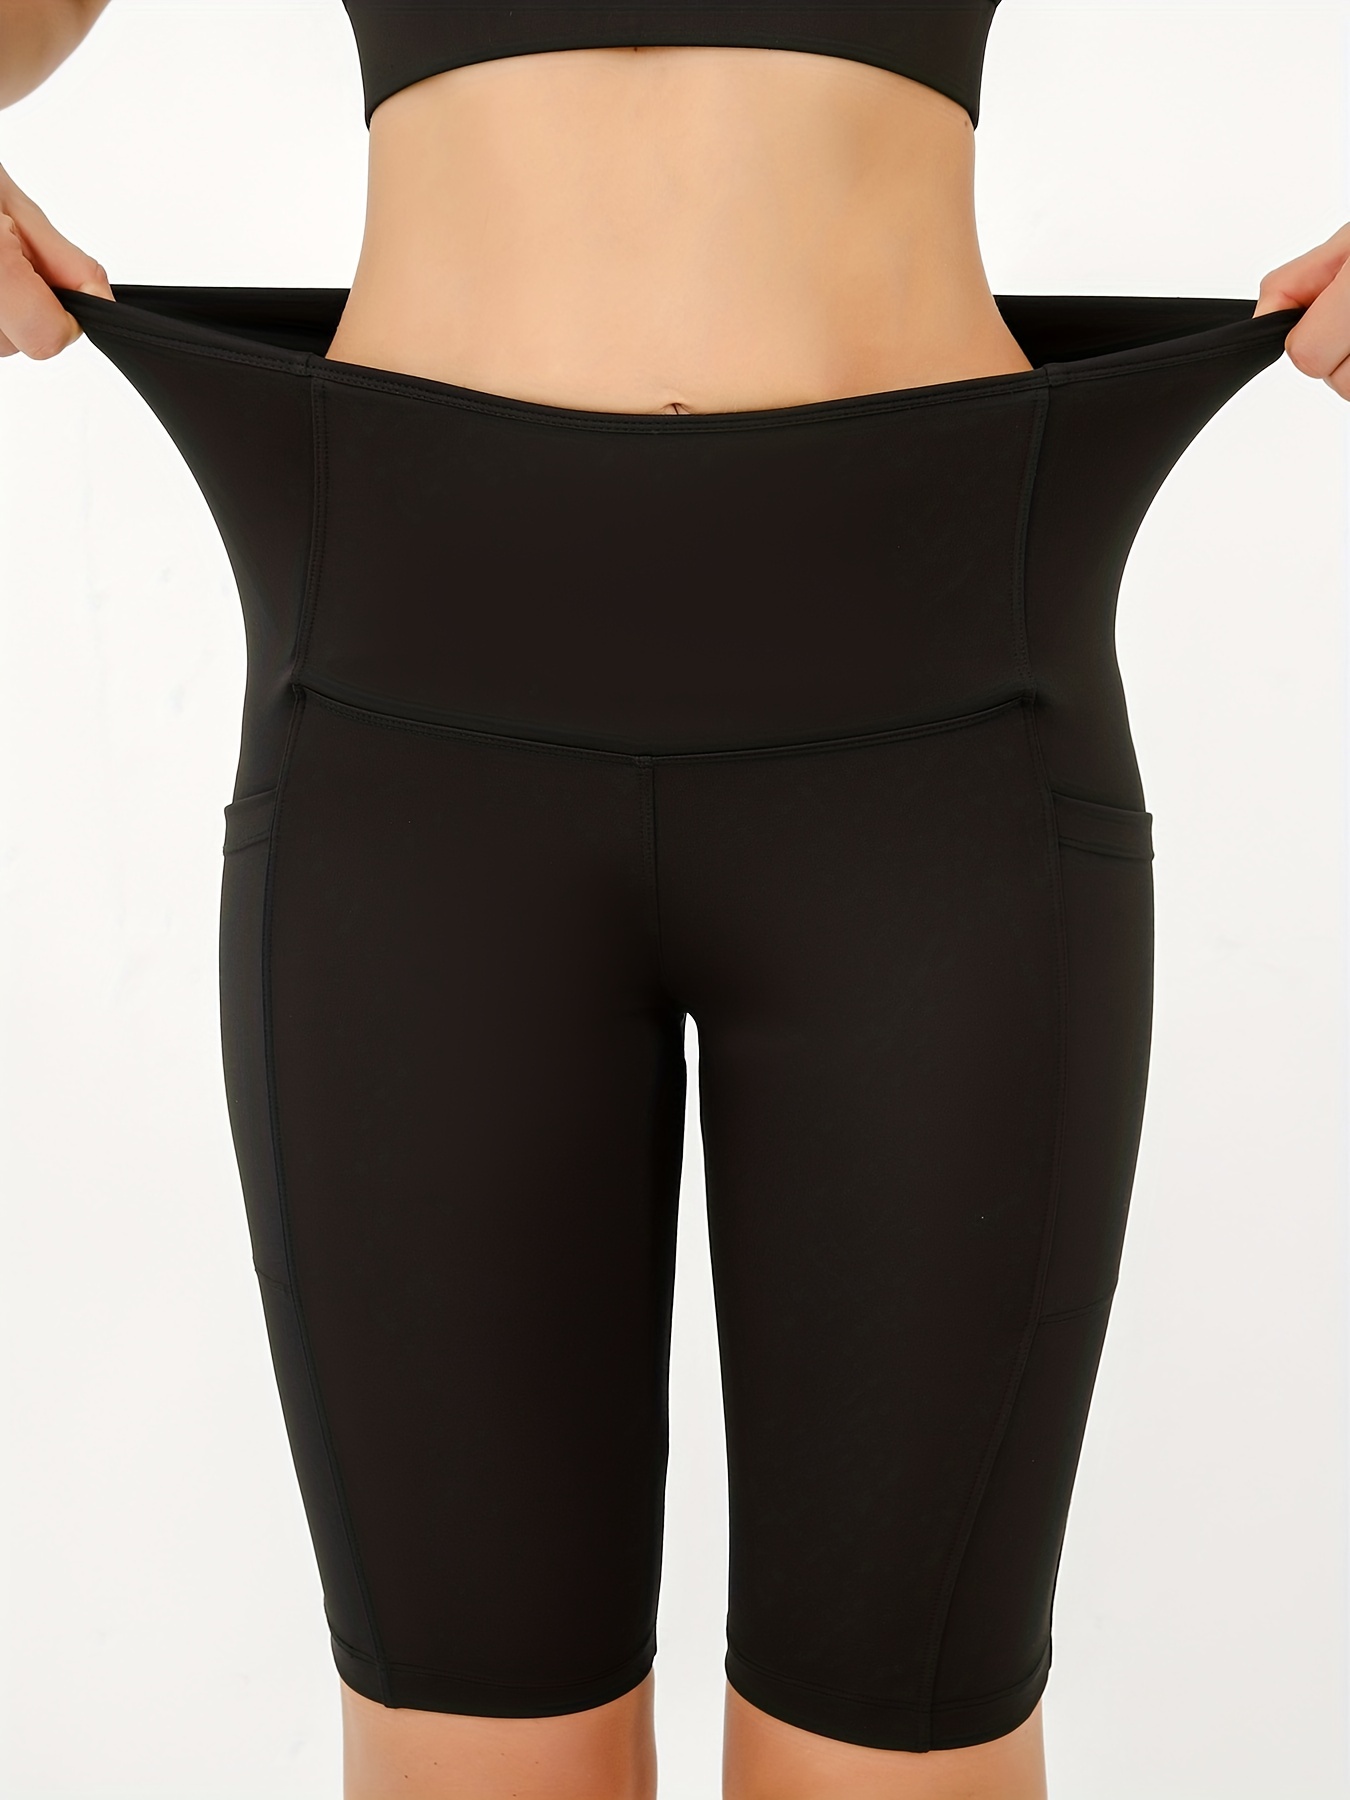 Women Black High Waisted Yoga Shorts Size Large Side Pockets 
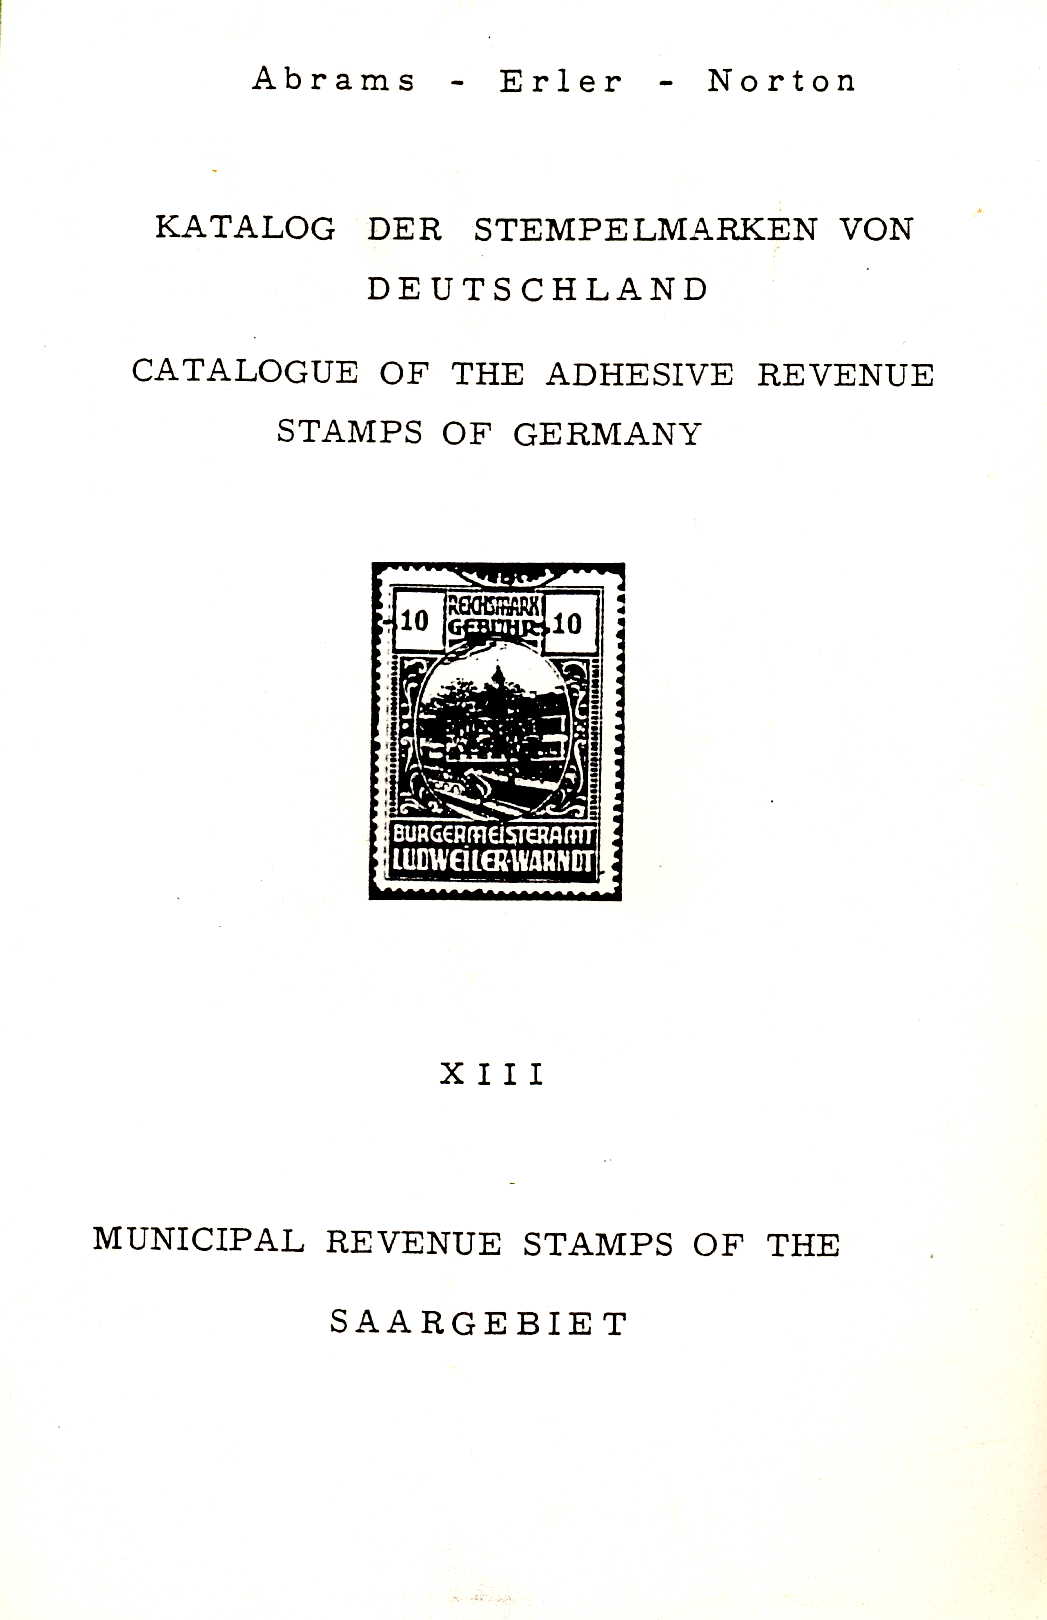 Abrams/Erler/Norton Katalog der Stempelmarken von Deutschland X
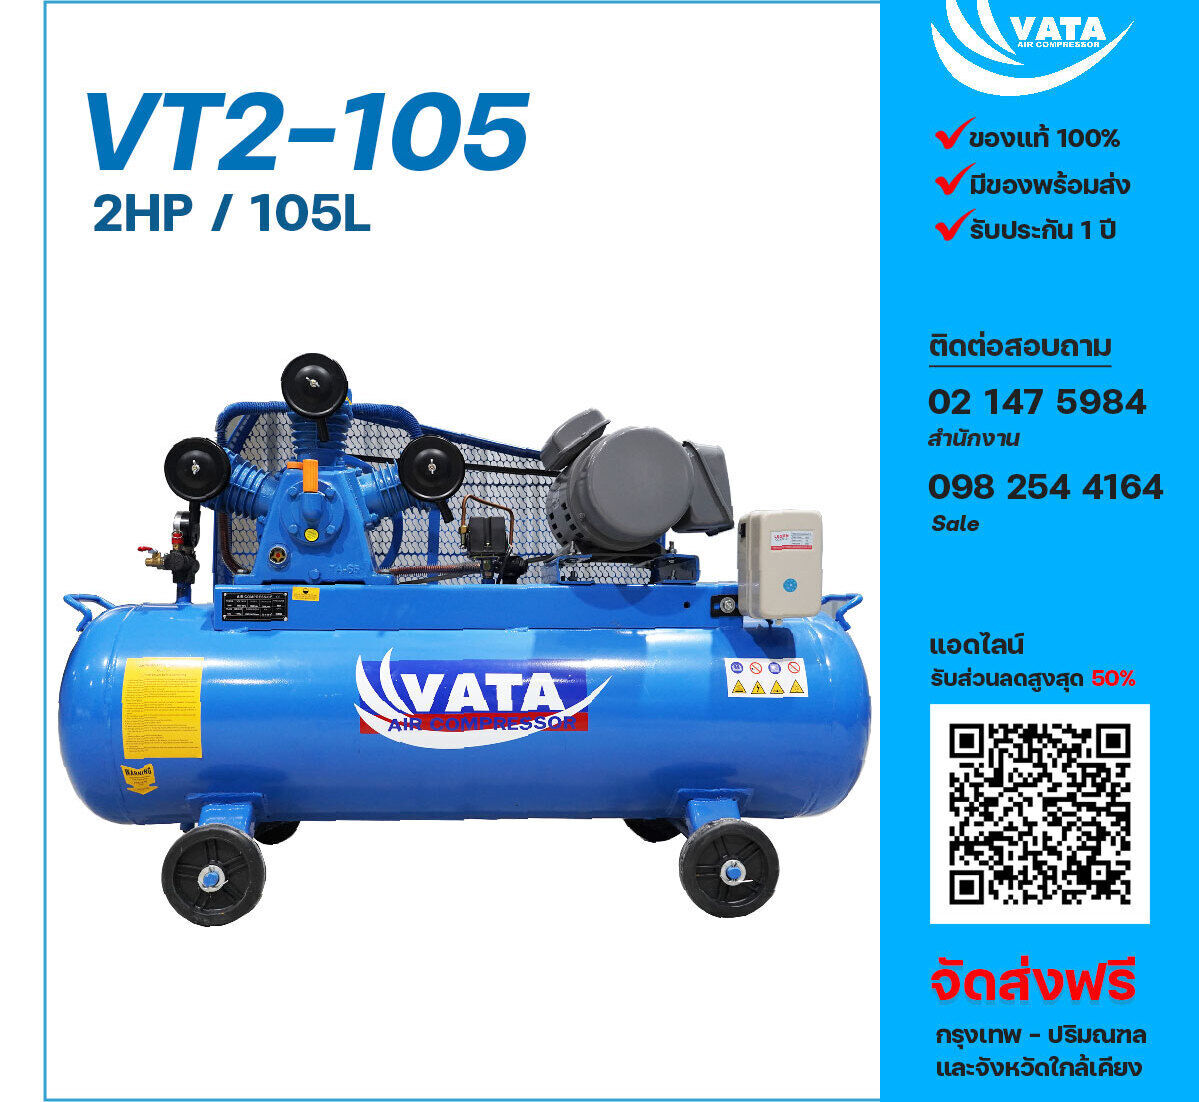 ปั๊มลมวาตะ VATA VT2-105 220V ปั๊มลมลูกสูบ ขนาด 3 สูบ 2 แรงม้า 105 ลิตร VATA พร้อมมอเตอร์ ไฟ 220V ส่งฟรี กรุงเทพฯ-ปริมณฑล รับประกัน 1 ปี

+--

Reproduce the whole listing verbatim. Pictures stay out of the copy.

 Women Black High Waisted Yoga Shorts Size Large Side Pockets 
 Abrams/Erler/Norton Katalog der Stempelmarken von Deutschland X
 ปั๊มลมวาตะ VATA VT2-105 220V ปั๊มลมลูกสูบ ขนาด 3 สูบ 2 แรงม้า 105 ลิตร VATA พร้อมมอเตอร์ ไฟ 220V ส่งฟรี กรุงเทพฯ-ปริมณฑล รับประกัน 1 ปี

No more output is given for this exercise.